# PDE math homework help

1. Jan 17, 2010

### r.a.c.

1. The problem statement, all variables and given/known data

We are given f $$\epsilon$$ C(T) [set of continuous and 2pi periodic functions] and PS(T) [set of piecewise smooth and 2pi periodic functions]

SOlve the BVP

ut(x,t) = uxx(x,t) ; (x,t) belongs to R x (0,inf)
u(x,0) = f(x) ; x belongs to R

Find a solution of this PDE

2. Relevant equations

The only relevant equation I can think of is a Fourier Inversion which states that if is continuous and piecewise smooth then
$$f(x) = \sum f^h(n) e^i^n^x ; where f^h = 1/2\pi \int f(x)e^-^i^n^x dx$$

3. The attempt at a solution

I have tried solving the first equation ODE till I get by seperation of varaibles
S''(x) - AS(x) = 0 and T'(t) - AT(t) = 0

A is real. Three cases: A>0 in which case the solution is S(x) = C(sin(Lx)) + B(cos(Lx))
where C,B are constants and L = (-L)^(1/2)
Then I tried using power series expansion of sin and cos to be able to relate it to the fourier series of f (seeing as f(x) = S(x)) but to only get stuck.

When A = 0 S(x) = Cx + B
Then I can do this by finding the fourier coefficients($$f^h$$) and so on

When A<0 things become complicated because we get and exponential.

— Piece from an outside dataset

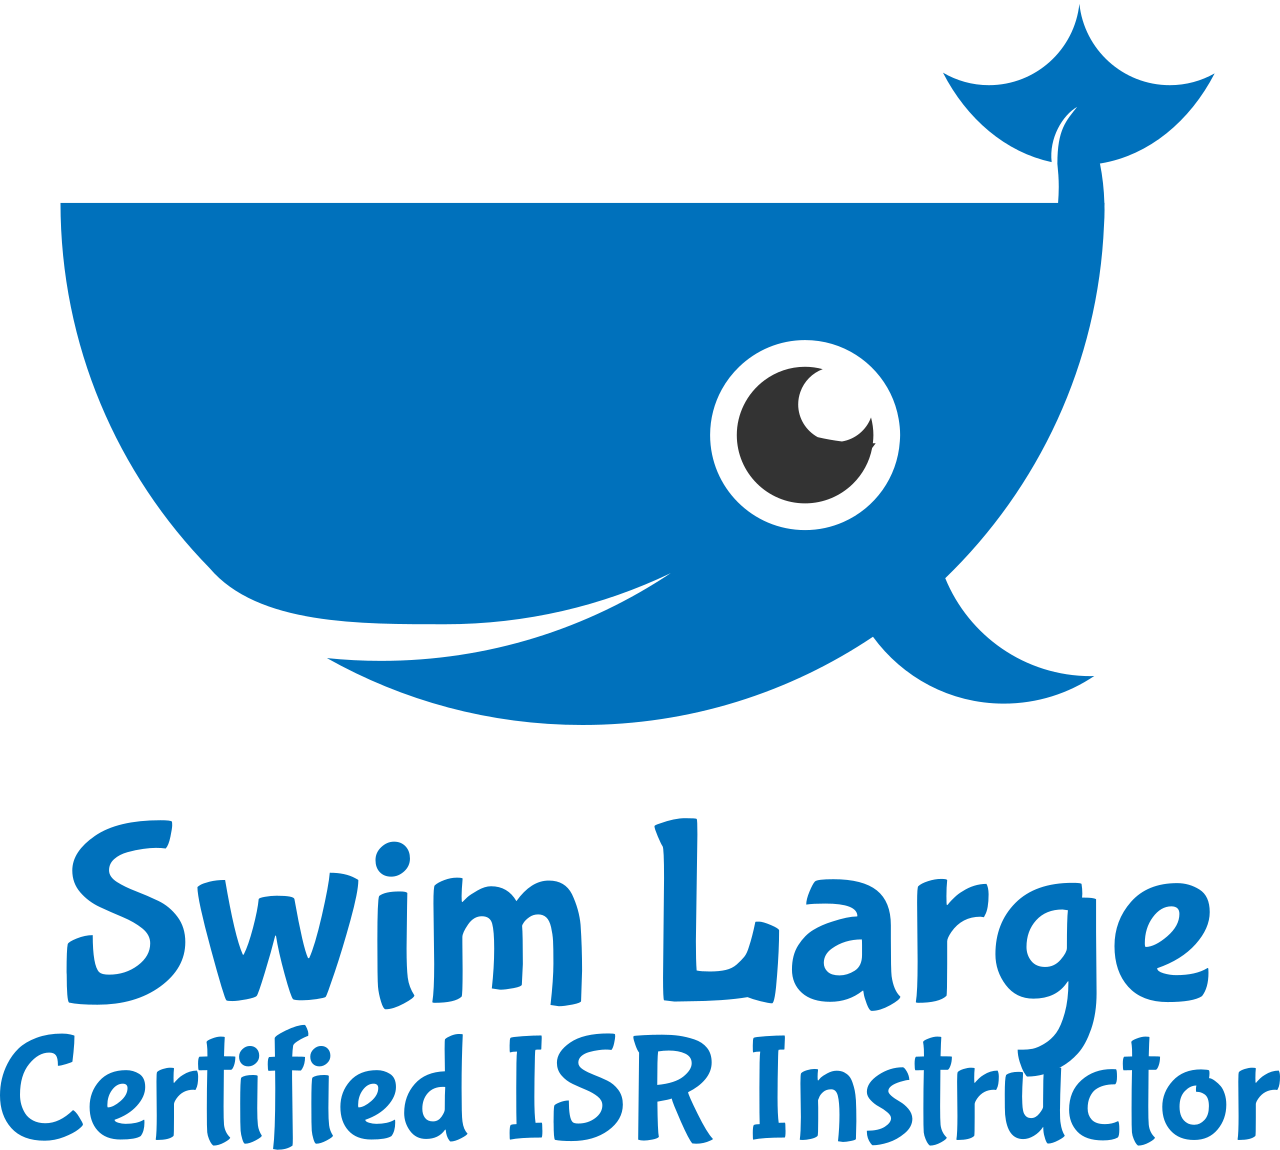 Swim Large's web page

Anyways, first off, how do we know which A to use!? Then I can try to reach some sort of conclusion.
1. The problem statement, all variables and given/known data

2. Relevant equations

3. The attempt at a solution

2. Jan 17, 2010

### kfdleb

Re: Pde

first, the best thing is to solve it using separation of variable i.e. as an ODE as u did

u get X''(x)-CX(x)=0 and T'(t)-CT=0

i think ur missing something in the given such as u(0,t)=u(2\pi,t)
if so the solution would be X''(x)+L^2X(x)=0
X(x)=Acos(Lx)+Bsin(Lx)
with L=-n^2*(pi)^2/(2pi)^2

the solution would be the sum of X_n(x)*T_n(t)

3. Jan 17, 2010

### r.a.c.

Re: Pde

No I'm not missing anything in the solution. That's the problem. If the constraints on the extremities of x were there it would be a piece of cake. And if we had them then there would be no need for f to be belong to C or PS. Even in the question it tells us to solve the PDE using fourier series.

4. Jan 18, 2010

### r.a.c.

Re: Pde

Thanks but I found the answer to this. I think this is done.